In this article I take a look at Chipotle Mexican Grill, Inc. (NYSE:CMG), a restaurant. We are going to evaluate Chipotle as an equity investment. We'll examine the industry, valuations, and financial statements.
Chipotle operates fast-casual Mexican food restaurants. The firm most closely competes with Taco Bell. Additionally, Chipotle also competes with McDonald's (NYSE:MCD), Wendy's (NASDAQ:WEN), Burger King Worldwide (BKW) and other fast-casual restaurant operators. Chipotle is in the services sector.
Typically, firms in the services sector are less geared to the economic cycle. Chipotle is growth non-cyclical. The industry is mature: The fast-casual restaurant industry in the U.S. isn't going to have high sales growth rates. In some countries the industry is in the growth stages. Additionally, some firms within the industry are growth firms and some benefit from growth in high growth countries. Chipotle is a growth firm that primarily operates in mature markets.
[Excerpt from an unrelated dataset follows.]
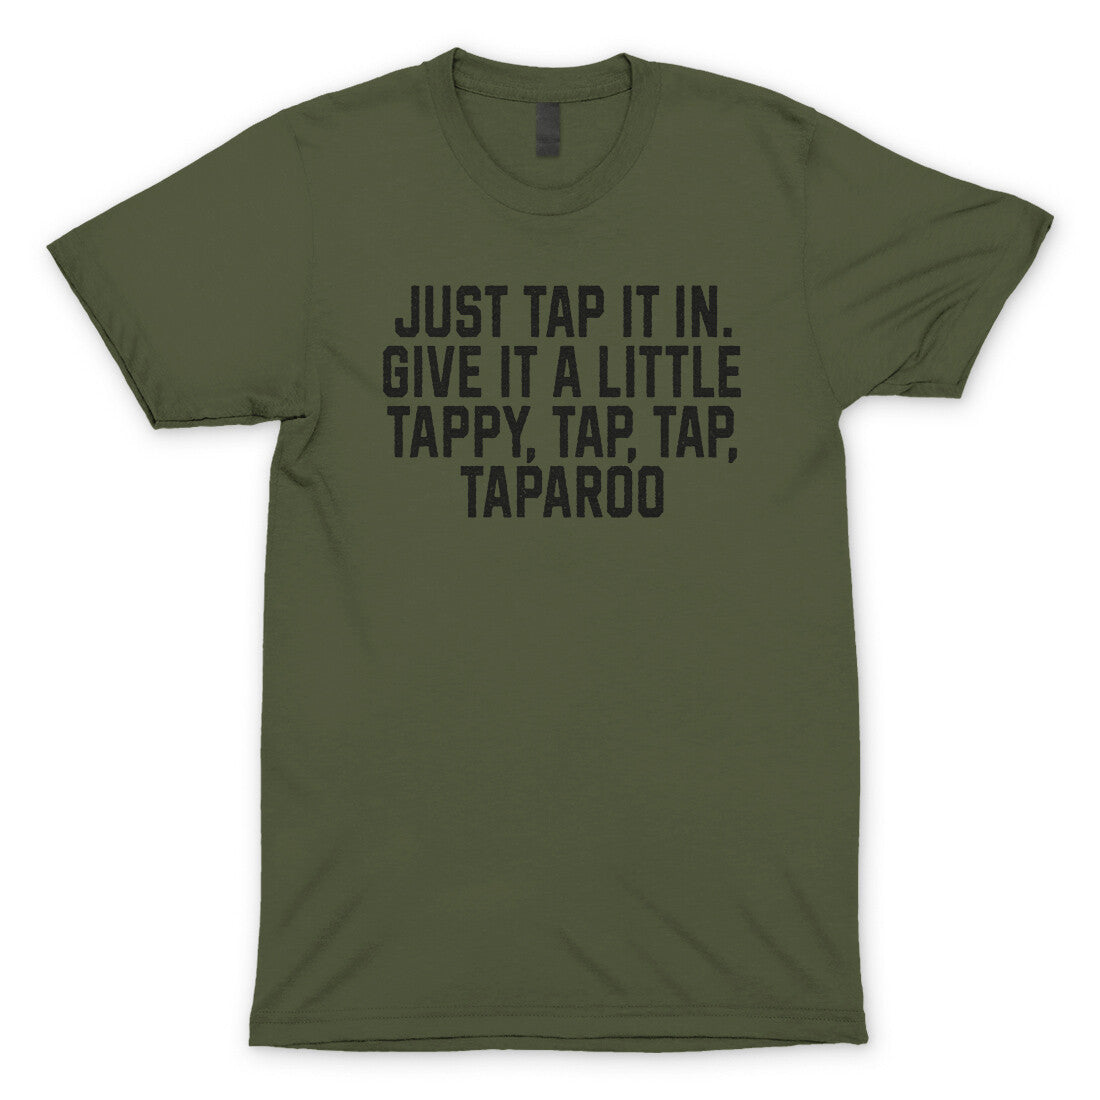 Just Tap it in Give it a Little Tappy Tap Tap Taparoo in Military Green Color

The fast-casual restaurant industry is competitive in terms of the threat of substitute products and the bargaining power of customers. The supply chain of fresh, naturally grown ingredients may not be scalable and suppliers of ingredients have pricing power. The industry has low barriers to entry and rivalry can be intense. There is an oversupply of restaurants which leads to price cutting.
The restaurant industry is a tough business to earn a profit. Chipotle is a valued brand and is increasing revenue and net income annually. Chipotle has the potential to become one of the largest fast-casual restaurant chains in the United States.
Buy - Be long
Neutral - No position
Sell - Be short
(The ratings, research and analysis in this article should be considered as starting point for further research.)
Chipotle -- Buy
When I consider the valuation, financial performance and position, and the industry, I think Chipotle is a good investment. Valuations can decline more and the share price hasn't formed a technical bottom yet. That said, the play is to wait for a bottom and get long Chipotle. Fundamentally it is a good company.
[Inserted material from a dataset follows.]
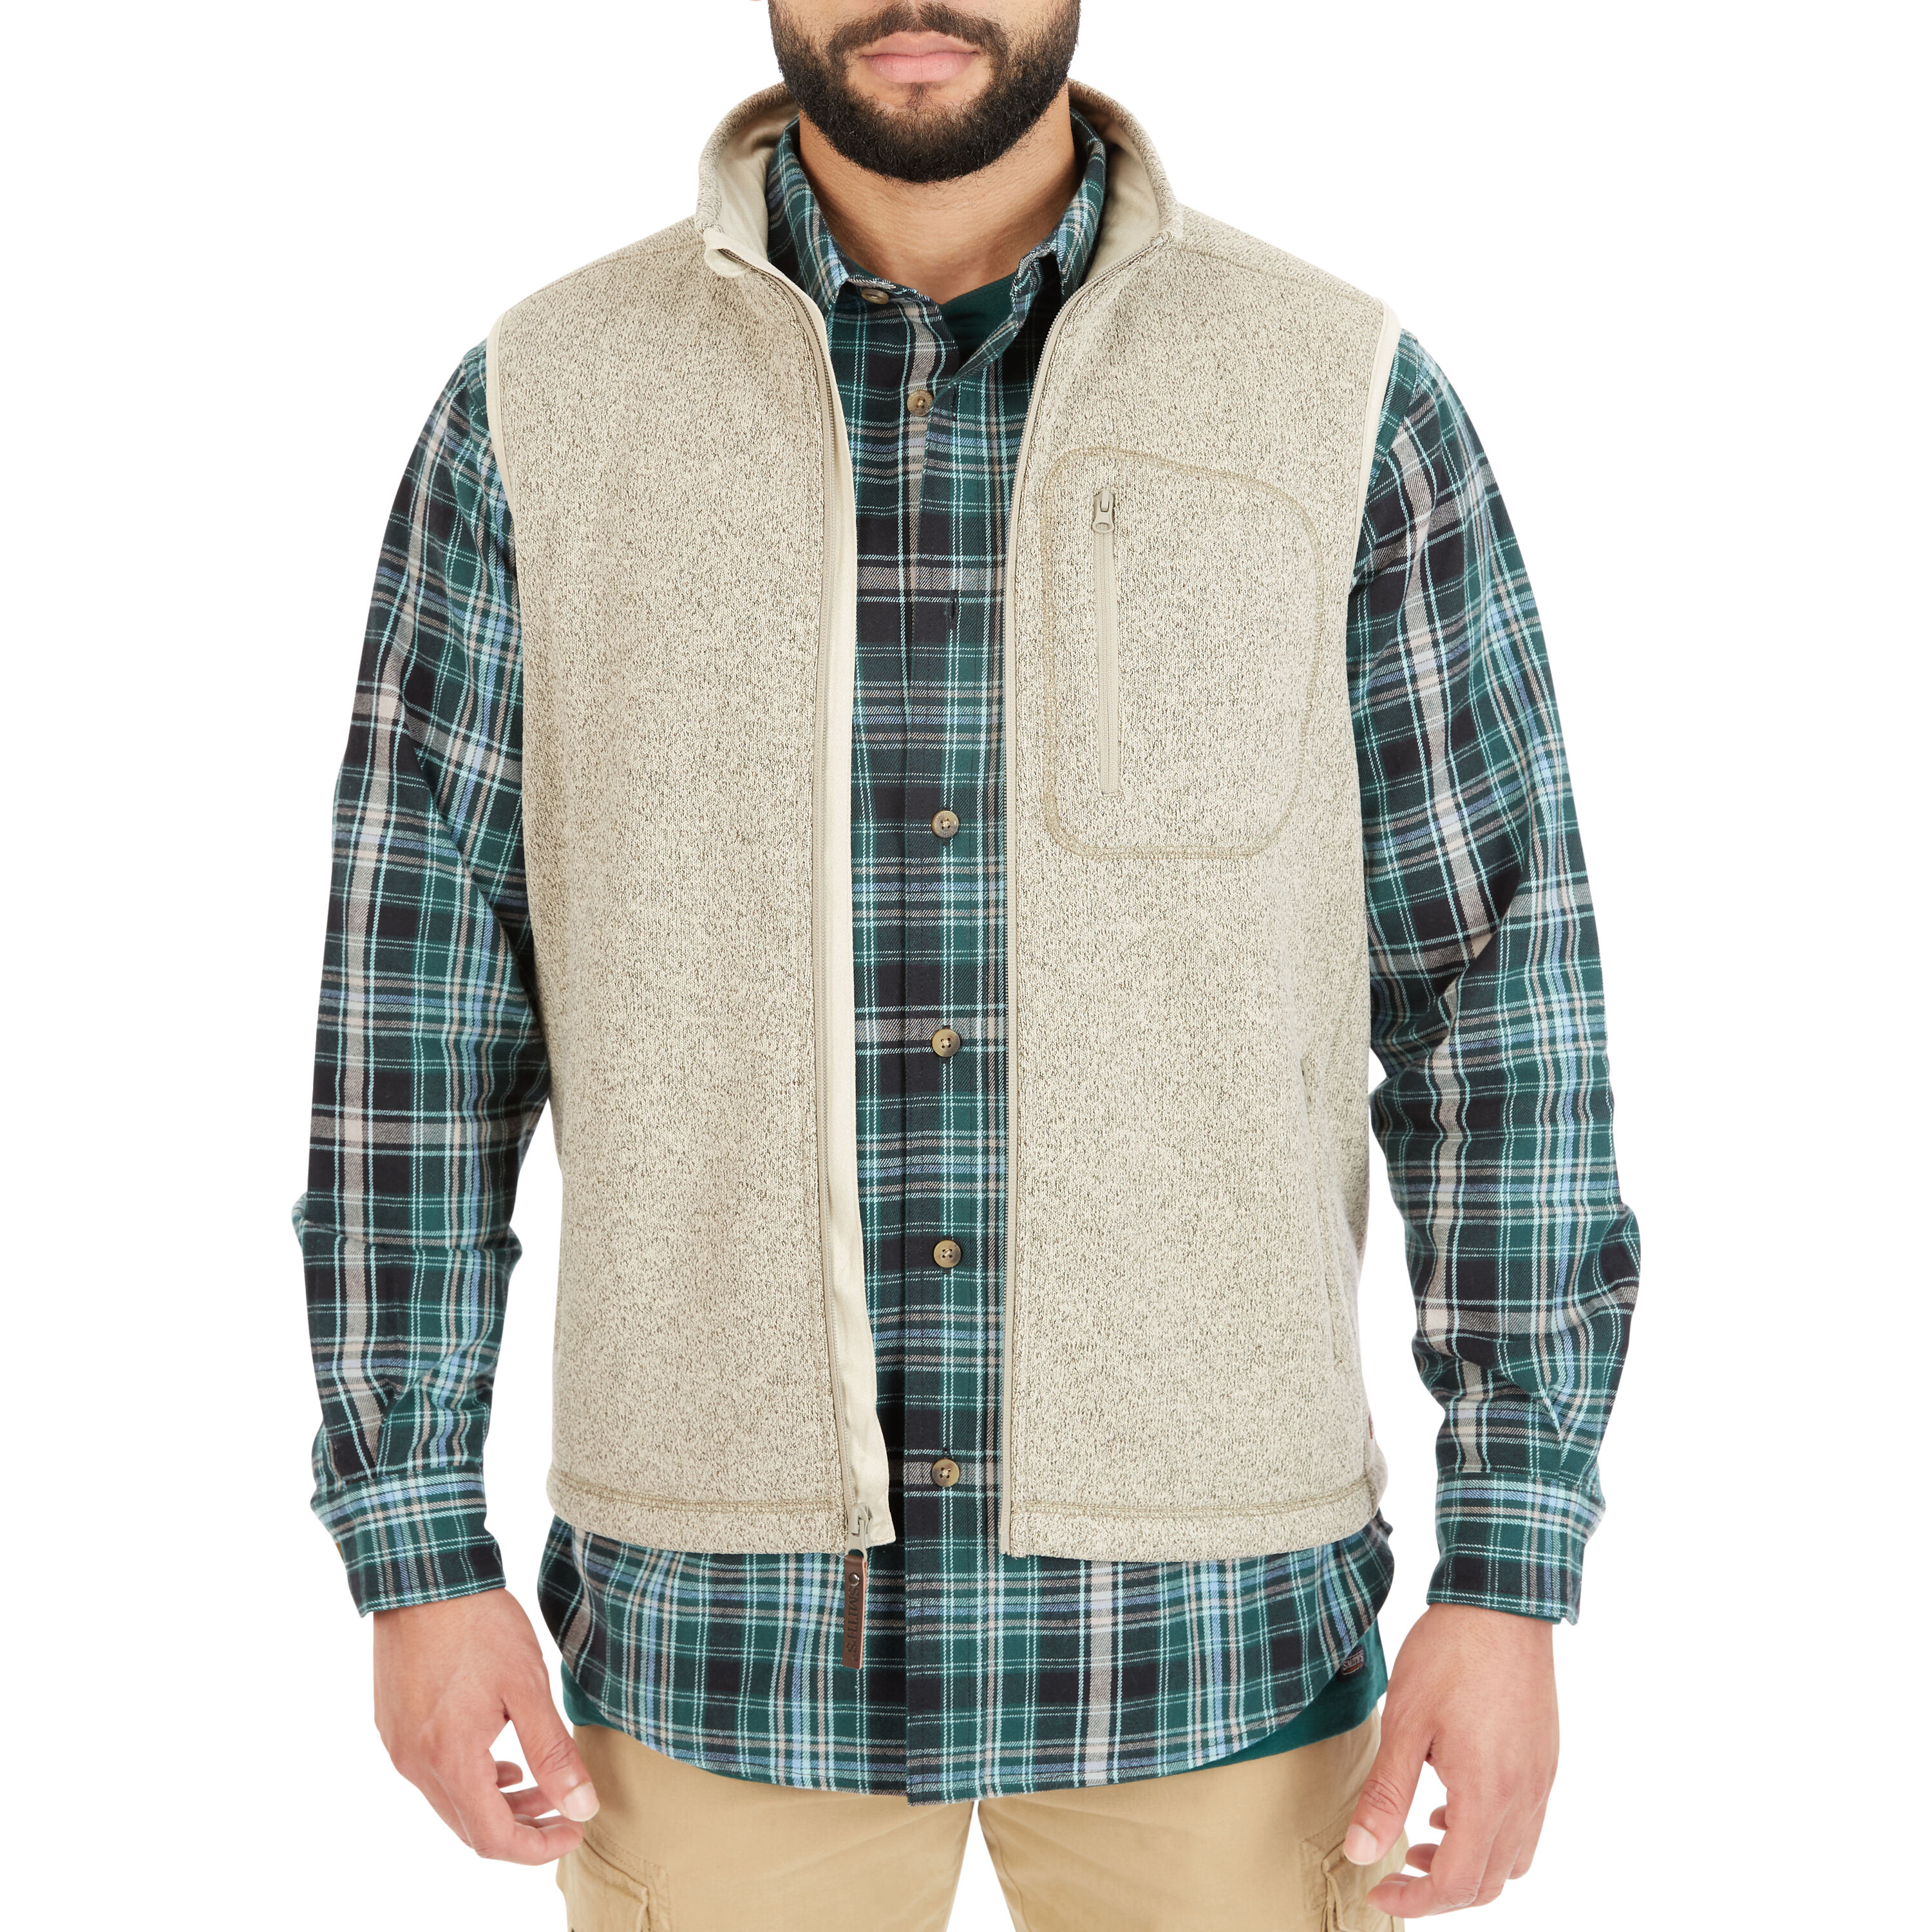 Smith's Workwear Men's Oatmeal Heather Polyester Insulated Vest

According to the company's financial statements, current assets increased almost 24 percent in the second quarter of this year compared to the fourth quarter of 2011. The increase in current assets is mostly attributable to an increase in income tax receivable and investments. Total assets increased 15.7 percent to $1.64 billion. The increase in total assets is mostly attributable to an increase in long-term investments and net plant, property and equipment. Total current liabilities declined 4.7 percent to $150 million. Chipotle became more liquid as the current ratio increased from 3.18 to 4.13. The decline in total current liabilities is mostly attributable to a decline in income tax payable. Total liabilities increased 1.6 percent to $387 million. The increase in total liabilities is mostly attributable to an increase in deferred rent. Chipotle isn't carrying debt and is firmly solvent.
Total revenue in the second quarter, compared to the year-ago quarter, increased 20.8 percent to roughly $691 million. Operating expenses increased 14.2 percent to $557 million. The operating margin increased from 14.7 percent to 19.4 percent. Net income increased 61 percent to $81.7 million. Comprehensive income increased 58.8 percent to $80.6 million.
In the first six months of 2012 earnings were high quality. Cash from operations wasn't enough to cover cash used in investing activities. However, the cash provided from an excess tax benefit on stock-based compensation was enough to increase the cash balance during first six months of the year. The cash balance at the end of the first six months was $404.80 million. Cash from operating activities was roughly the same as cash from operating activities during the year-ago period. The cash flow performance ratios declined during the period as financial performance exceeded operating cash flow performance.
The total number of restaurants increased 16.4 percent in 2012's second quarter compared to the year-ago quarter. If Chipotle continues to open restaurants at a double-digit growth pace, the valuation may continue to represent the premium investors pay for growth. Revenue grew faster than total number of restaurants increased.
There isn't any long-term material risk from legal cases that the company is disclosing.
Company v. Industry [TTM]
- Return on Assets: 18.01 v. --
- Return on Investment: 19.83 v. --
- Return on Equity: 23.84 v. --
(The management effectiveness ratios are courtesy of Reuters.)
The fundamental indicators presented suggests investors accumulate shares of Chipotle. In other words, revenue and book value are increasing which is bullish for the share price of Chipotle.
The price-sales valuation metric declined recently. Typically, I like firms to trade in the 1-3 times sales range. I consider some growth firms to be solid investments in the 3-5 times sales range. There is substantial room for Chipotle's valuation to decline, however, I feel comfortable with the valuation in the current range.
The relatively high price-book value ratio suggests investors perceive the growth opportunities of Chipotle to be favorable. Further, the valuation metric declined nearly 50 percent from its peak and is at pre-2011 levels.
Disclosure: I have no positions in any stocks mentioned, and no plans to initiate any positions within the next 72 hours. I wrote this article myself, and it expresses my own opinions. I am not receiving compensation for it (other than from Seeking Alpha). I have no business relationship with any company whose stock is mentioned in this article.